Although we specifically targeted primary care in our evaluation, the 3 health care systems participating in the study differed in many ways: Beth Israel Deaconess Medical Center (BIDMC) in Boston is a Harvard teaching hospital with approximately 113 hospital-based and community PCPs, serving approximately 90,000 patients, including over 50,000 patients registered to use PatientSite, a secure patient Internet portal based on a home-grown electronic medical record (EMR). Geisinger Health System (GHS) in rural northeastern Pennsylvania has approximately 175 PCPs serving about 300,000 primary care patients, with about 163,000 patients registered to use MyGeisinger, a patient portal based on the Epic EMR (Epic Systems Corp., Verona, WI). Harborview Medical Center (HMC) is a county-owned hospital in Seattle, WA managed by the University of Washington; HMC has a specific mission to care for the community's most vulnerable patients and is also the Disaster Control Hospital for Seattle and King County. HMC's two participating primary care clinics are staffed by approximately 65 faculty and fellows serving approximately 7,000 inner city and indigent patients, including about 2,000 patients with HIV. The internally-developed HMC patient portal, HealthReach, had been used only for research studies and not offered to the general HMC primary care patient population at the time we began this project. HealthReach was not integrated with HMC's EMR but could display information from ORCA, their clinical information system was based on the Cerner Millenium EMR platform (Cerner Corp., North Kansas City, MO) and other ancillary systems.
In preparation for our OpenNotes demonstration and evaluation, we convened a team of investigators from across the U.S., including three (SR, JR, and TD) who had expertise in patient access to medical records and, specifically, doctors' visit notes. Informed by the literature and our own scientific experience related to patient and doctor attitudes toward open access to medical records [1
], we developed a set of hypotheses about the potential impact of OpenNotes on primary care doctors and their patients, described in detail elsewhere [4
]. In designing our test of the intervention, we specified 3 key areas where we hypothesized the greatest impacts would occur: beliefs and attitudes about patient accessible notes, use of the patient internet portals, and patient-doctor communication. We developed a quasi-experimental design that would allow us to perform a number of comparisons, portrayed in Figure , comparing doctors and patients, participants and non-participants, before, during, and after the one-year experience with OpenNotes.

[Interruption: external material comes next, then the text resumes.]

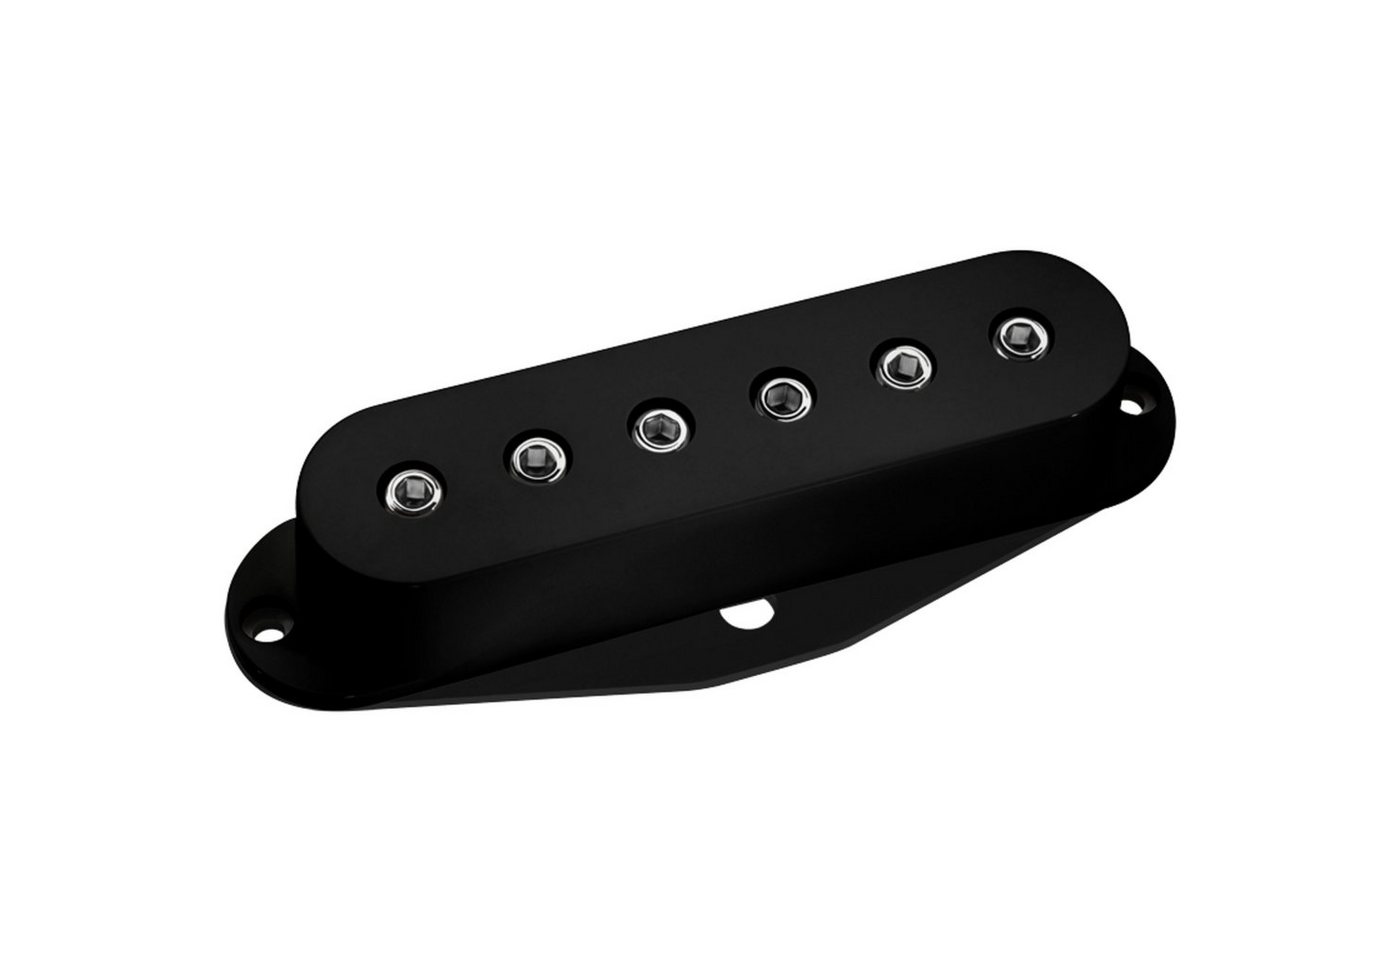 DiMarzio Tonabnehmer, (DP111 SDS-1 Black), DP111 SDS-1 Black - Single Coil Tonabnehmer für Gitarren von DiMarzio

Conceptual model showing primary planned comparisons among doctors and patients in their attitudes, experiences, and portal use before and after the implementation of OpenNotes. Primary planned comparisons are indicated by red arrows.
We employed mixed methods, using qualitative data from semi-structured interviews and focus groups to inform survey instrument development and, at the end of the study, to provide a more in-depth assessment of patients' and doctors' experiences with OpenNotes. Using Creswell's typology, this approach is described as a sequential study involving qualitative data collection for instrument development, followed by quantitative data collection and subsequent qualitative data collection for triangulation purposes [5
]. To structure our evaluation, we applied the RE-AIM framework [6
] in order to capture as comprehensive a picture as possible of the impact of OpenNotes on patients, doctors, and health care systems. A scientific approach to assessing both the internal and external validity of real-world interventions, RE-AIM, is an acronym for: Reach, Effectiveness, Adoption, Implementation, and Maintenance. To address each of these elements of the intervention, we drew upon multiple data sources, including PCP and patient surveys, administrative and billing records, portal utilization data and electronic health records. The framework for our data collection and analysis is summarized in Table . Analyses directed to our primary and secondary study hypotheses will involve largely quantitative data from pre- and post-surveys of both doctors and patients, and also patient and doctor use of the Internet portals; subsequent qualitative analyses for secondary aims will utilize data obtained from patients' narrative survey information and patient and PCP focus groups.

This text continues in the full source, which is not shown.